As more security problems have been found, changes have been made to the
OS, like the move away from inetd. This also forces that only required
services are running, not a slew of services running "on demand" like
finger, ftp, tftp, etc through inetd.
-Derek
At 07:44 PM 5/12/2006, Eric Schuele wrote:
Derek Ragona wrote:
Yes it is still true today. The default system now has inetd running
nothing. And the ports now install rc scripts for these reasons.
Not arguing here... everything I've found on the web says something similar.
But why do we have inetd? I assume it solved a problem in the past, that
no longer exists. Not to mention its spotted security history.
For network daemons, when they are running in a listen mode there is no
real overhead on the system.
-Derek
At 03:41 PM 5/12/2006, [EMAIL PROTECTED] wrote:
At 04:25 PM 5/12/2006, you wrote:
inetd running is discouraged. Instead run the daemons on boot using rc
scripts. If you look back in the history, inetd running is a security
risk, and was discouraged in the 5.X releases.
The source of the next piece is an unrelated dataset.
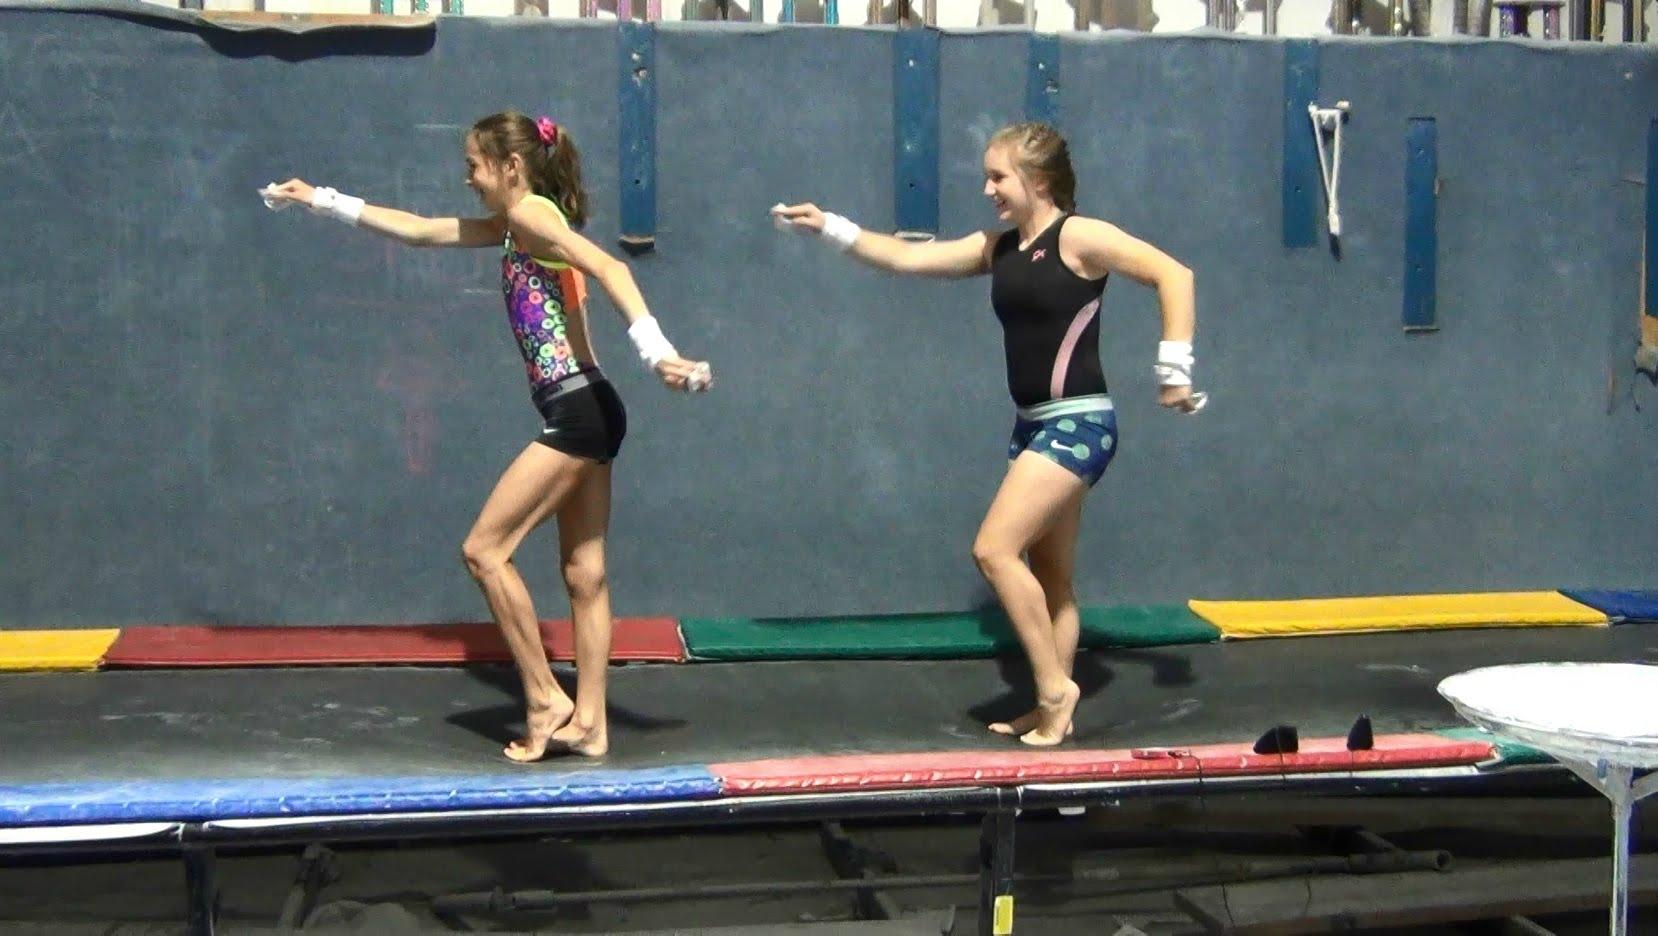 St. Louis Spirits Gymnastics Club image 0
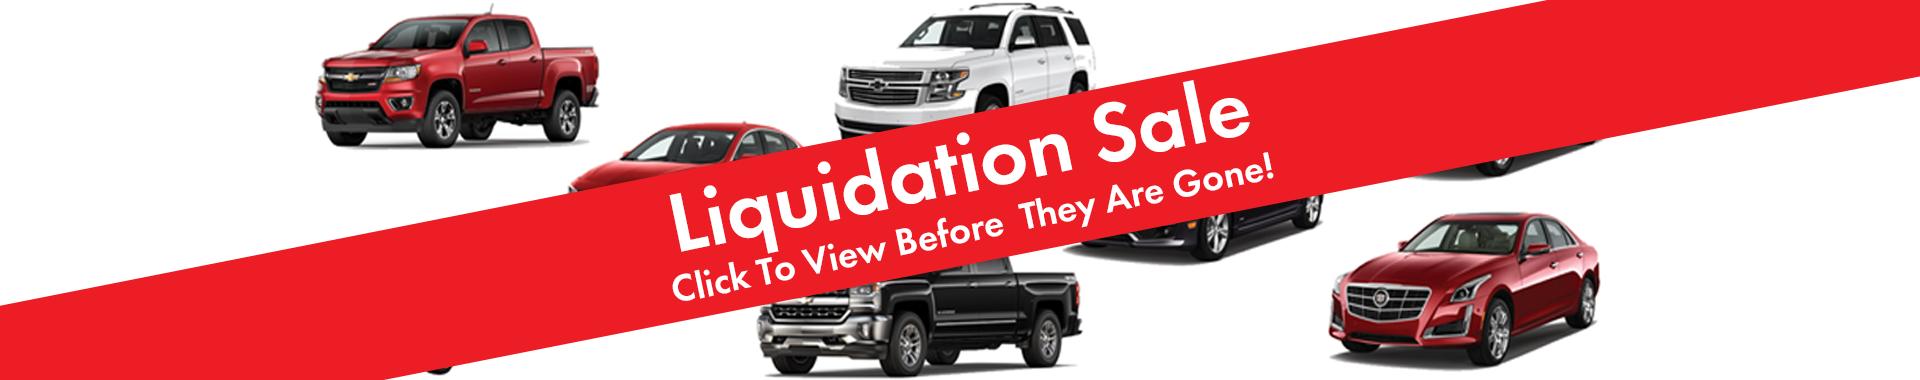 Liquidation Slide

Is that still really true? Waaayyy back when, inetd would have all
kinds of dangerous services enabled by default (allowing DOS stuff like
spewing "chargen" into "discard").
But that was a configuration issue, and issues with the services it
launched; not with inetd itself.
The authentication is still done within ftpd. You're just saving the
tiny overhead of running it all the time for occasional use. And inetd
does allow the tcpwrappers for anything it launches (obviously the
wrappers are compiled into many other things now, ftpd included.)